• **Dataset extract**
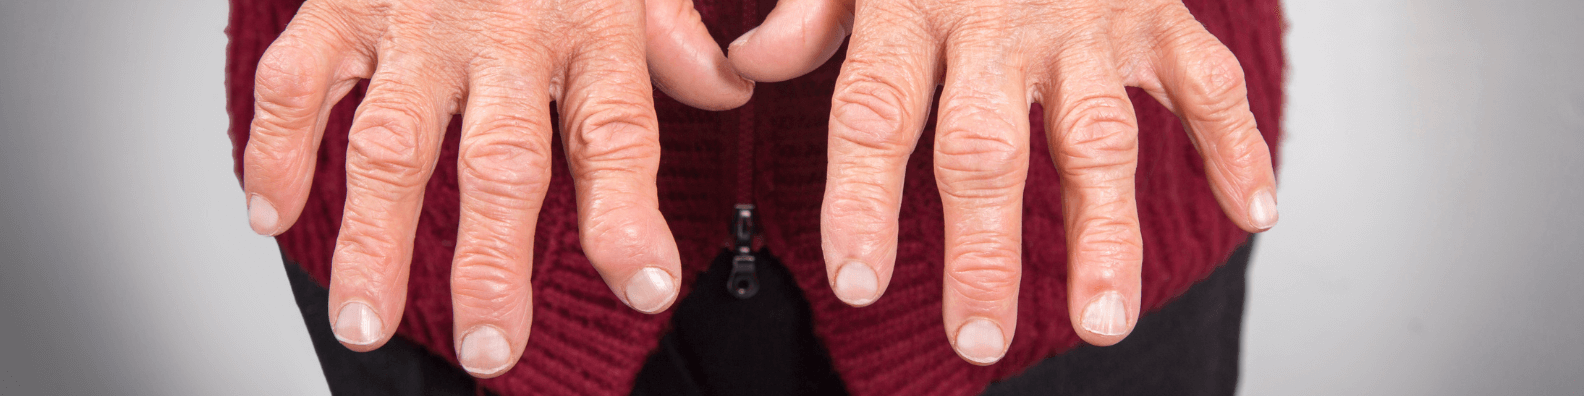 Arthritis due to chronic inflammation
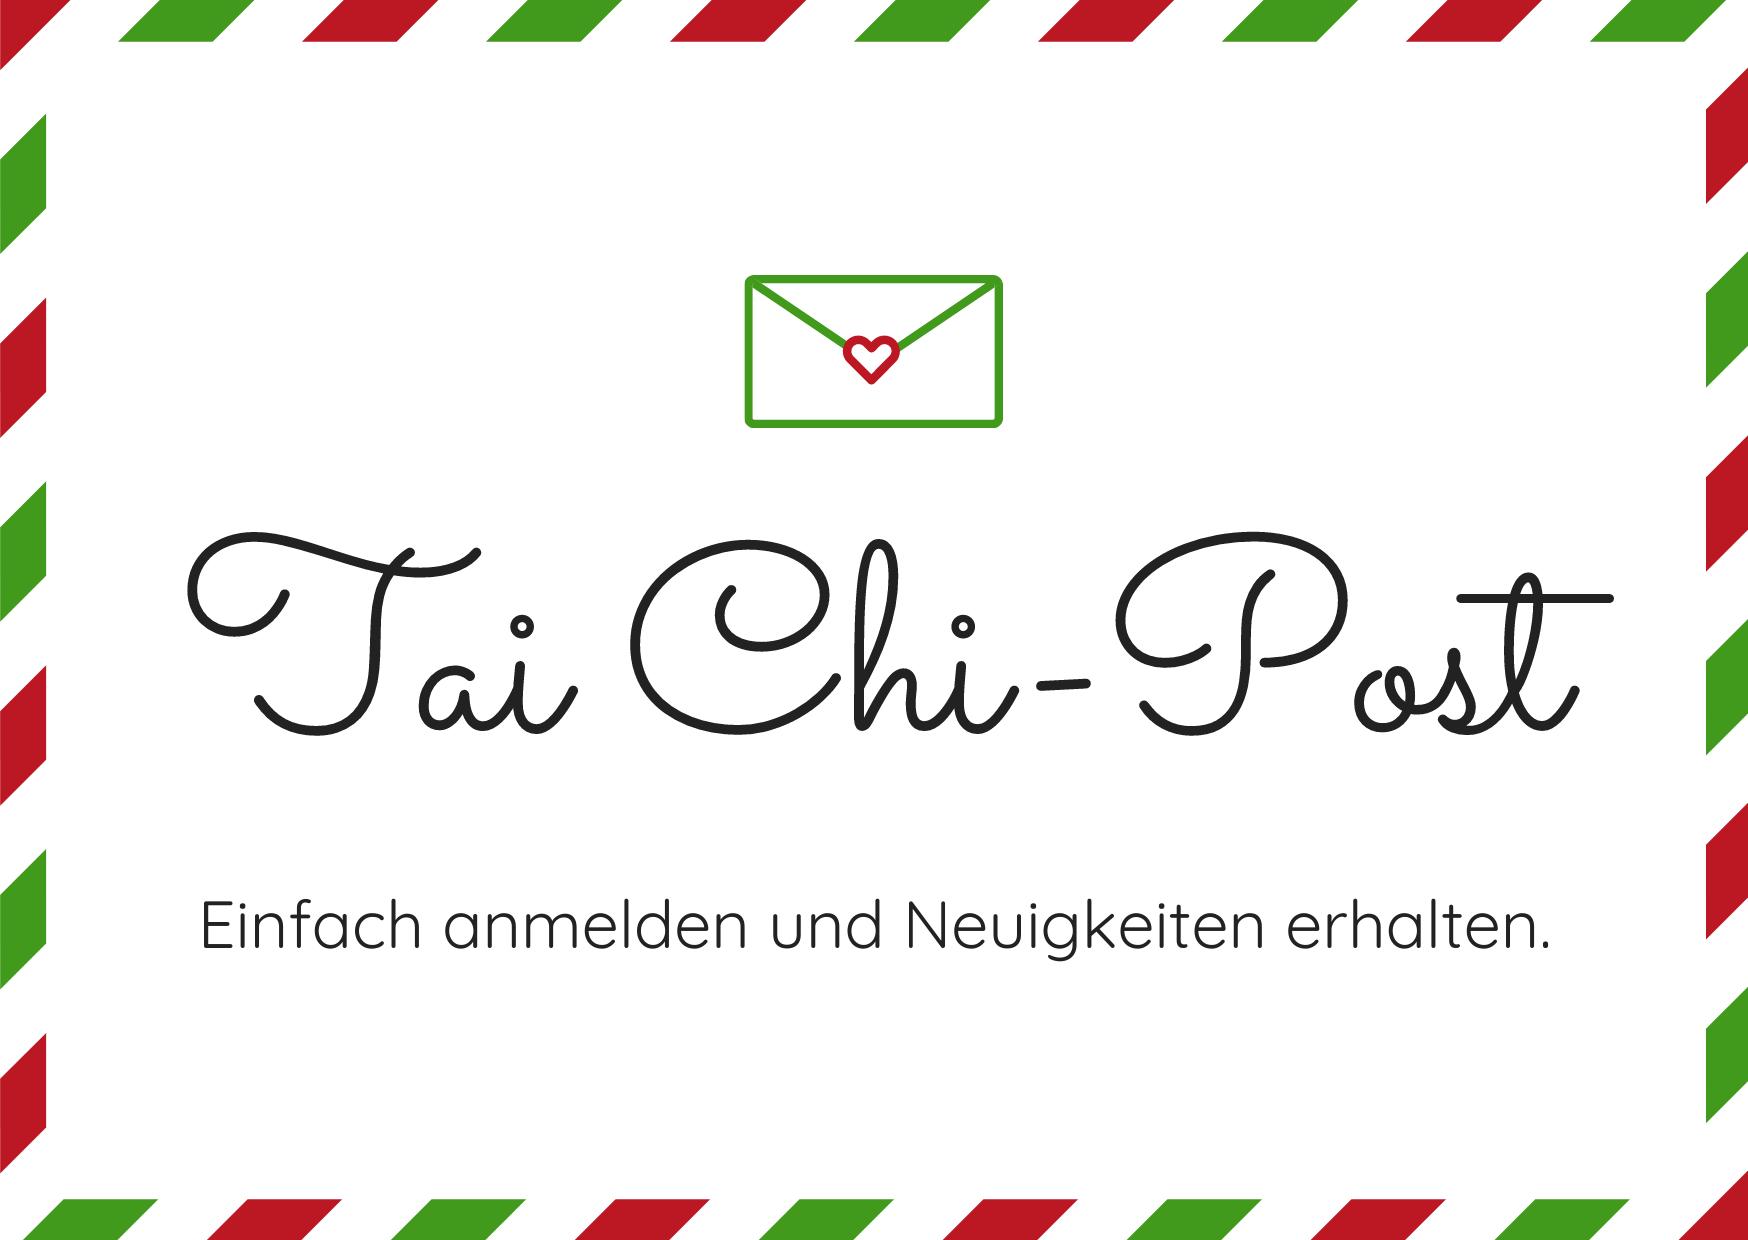 Newsletter: Tai Chi-Post
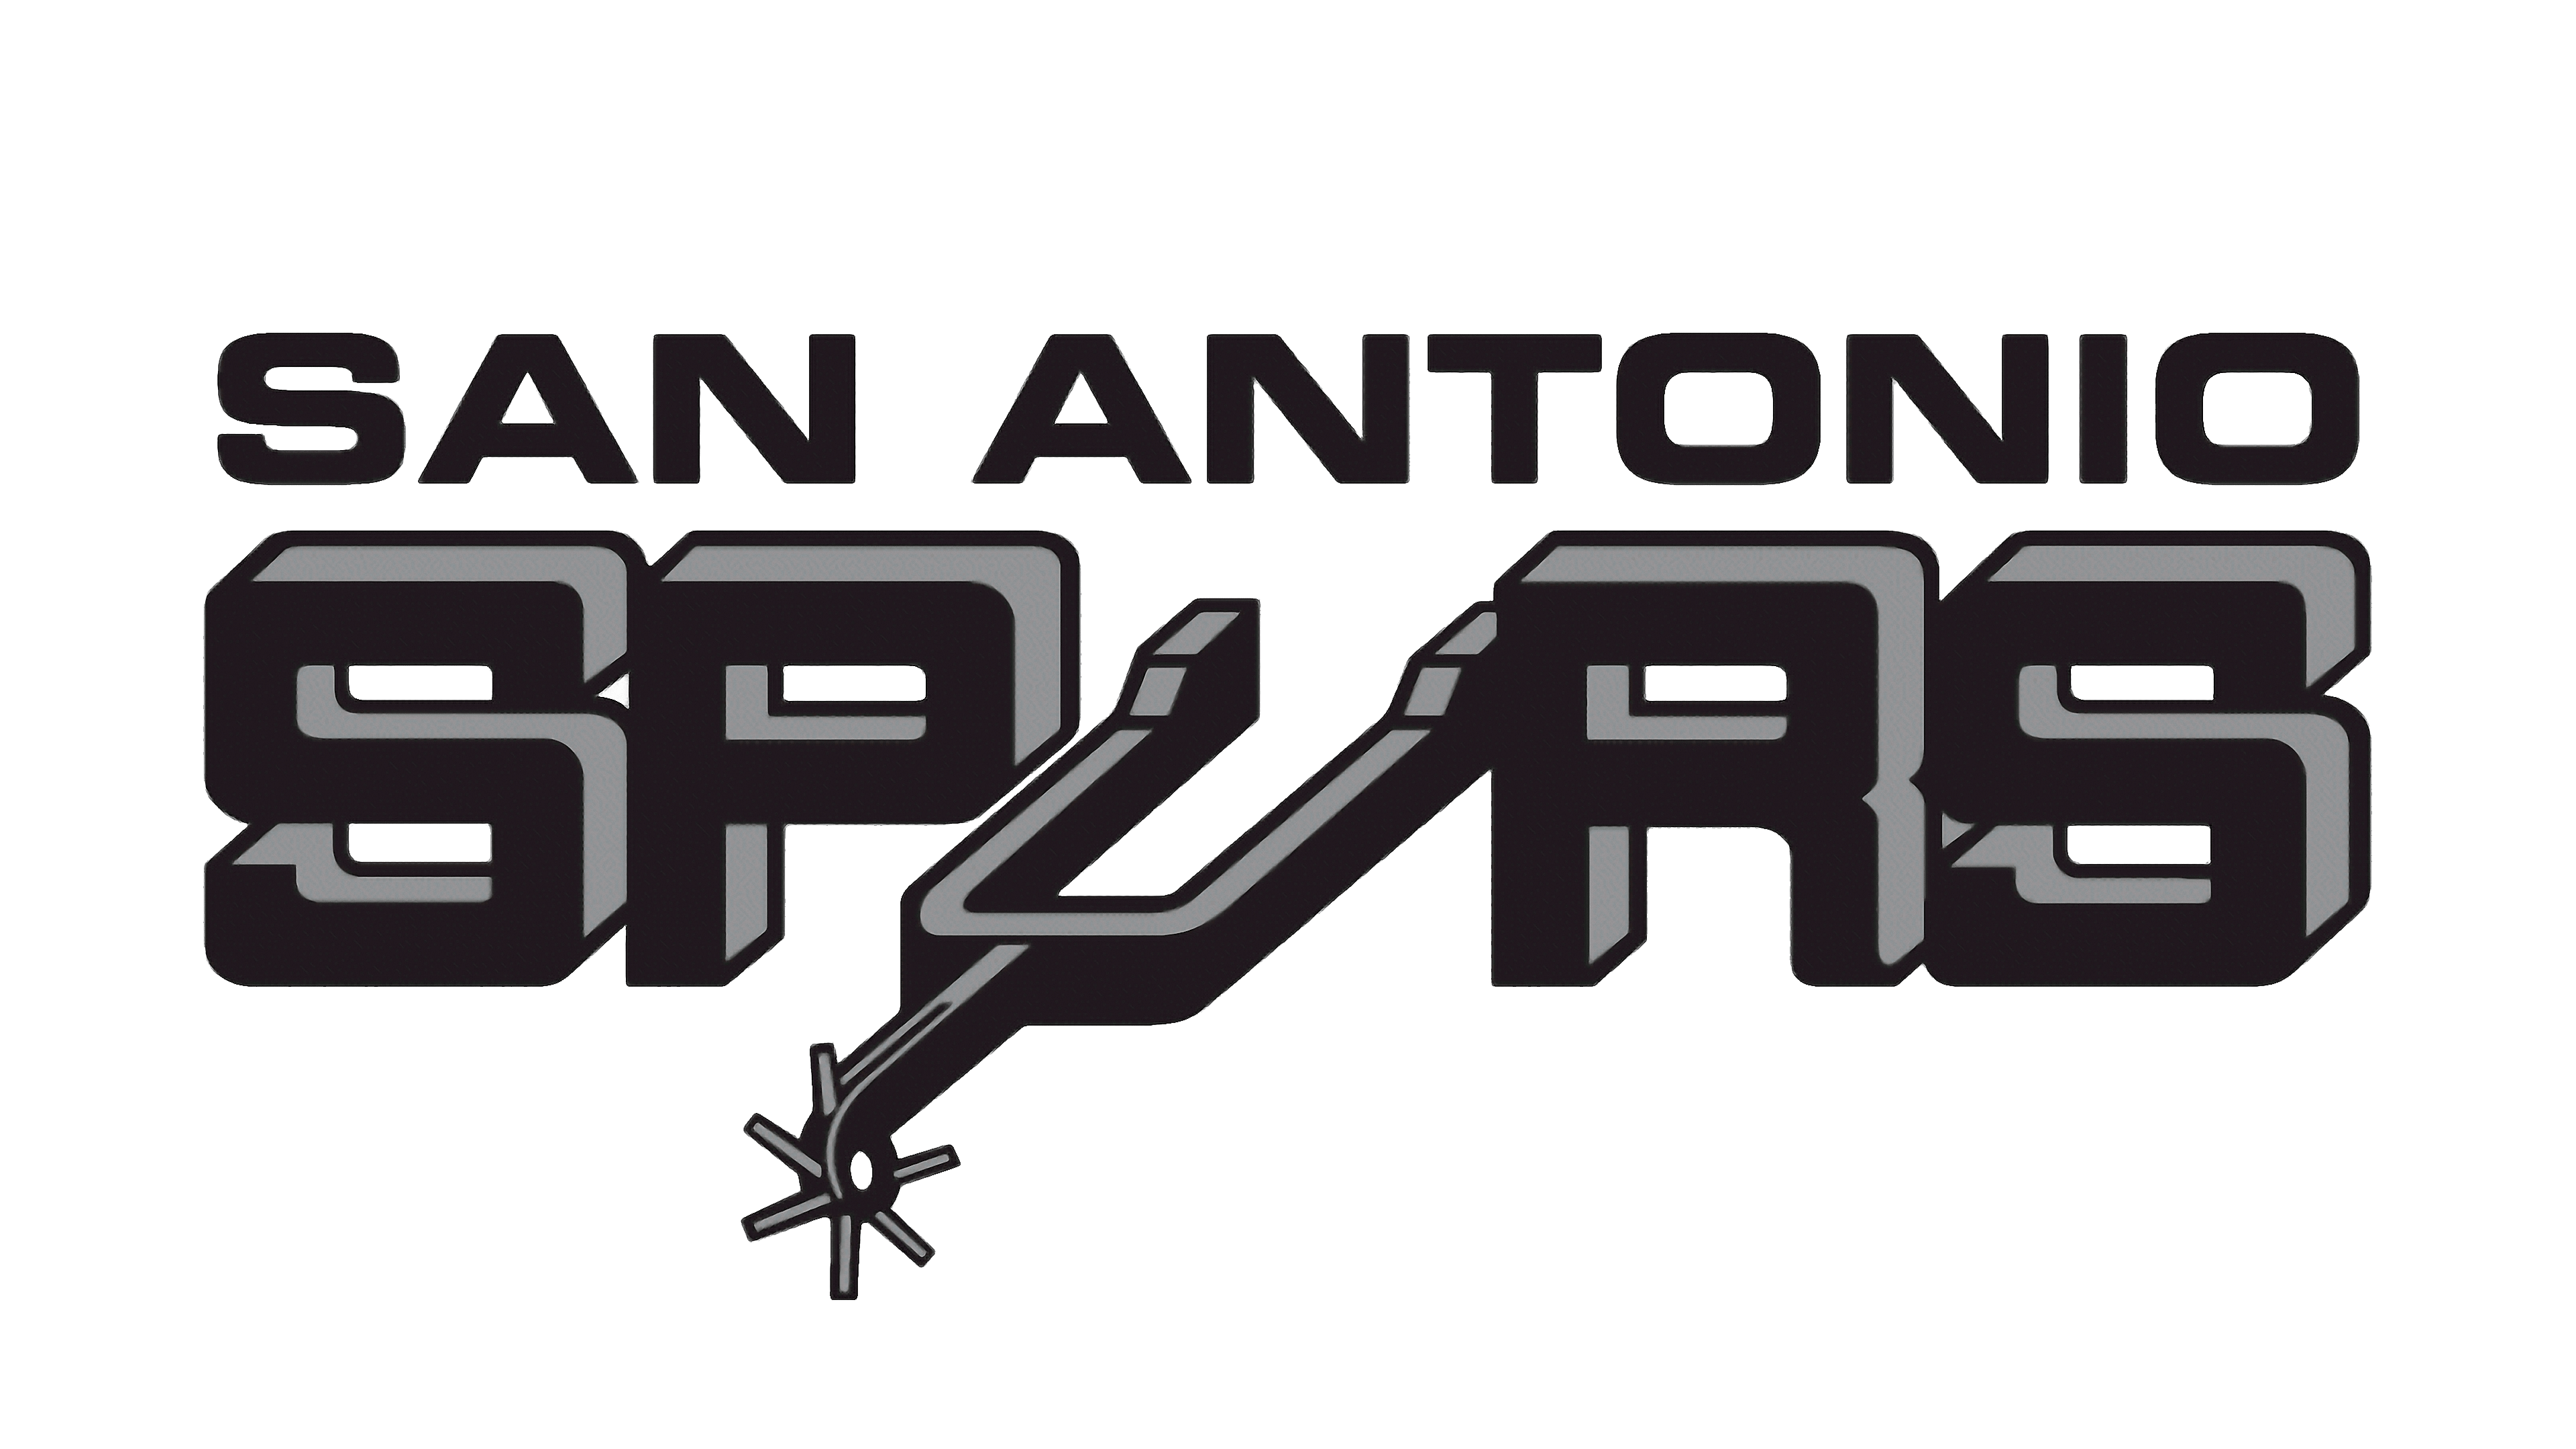 San Antonio Spurs wallpaper by Jansingjames - Download on ZEDGE

• **Work item**
All of the material above should be reproduced exactly, except the pictures.

• **Task result**
 Arthritis due to chronic inflammation
 Newsletter: Tai Chi-Post
 San Antonio Spurs wallpaper by Jansingjames - Download on ZEDGE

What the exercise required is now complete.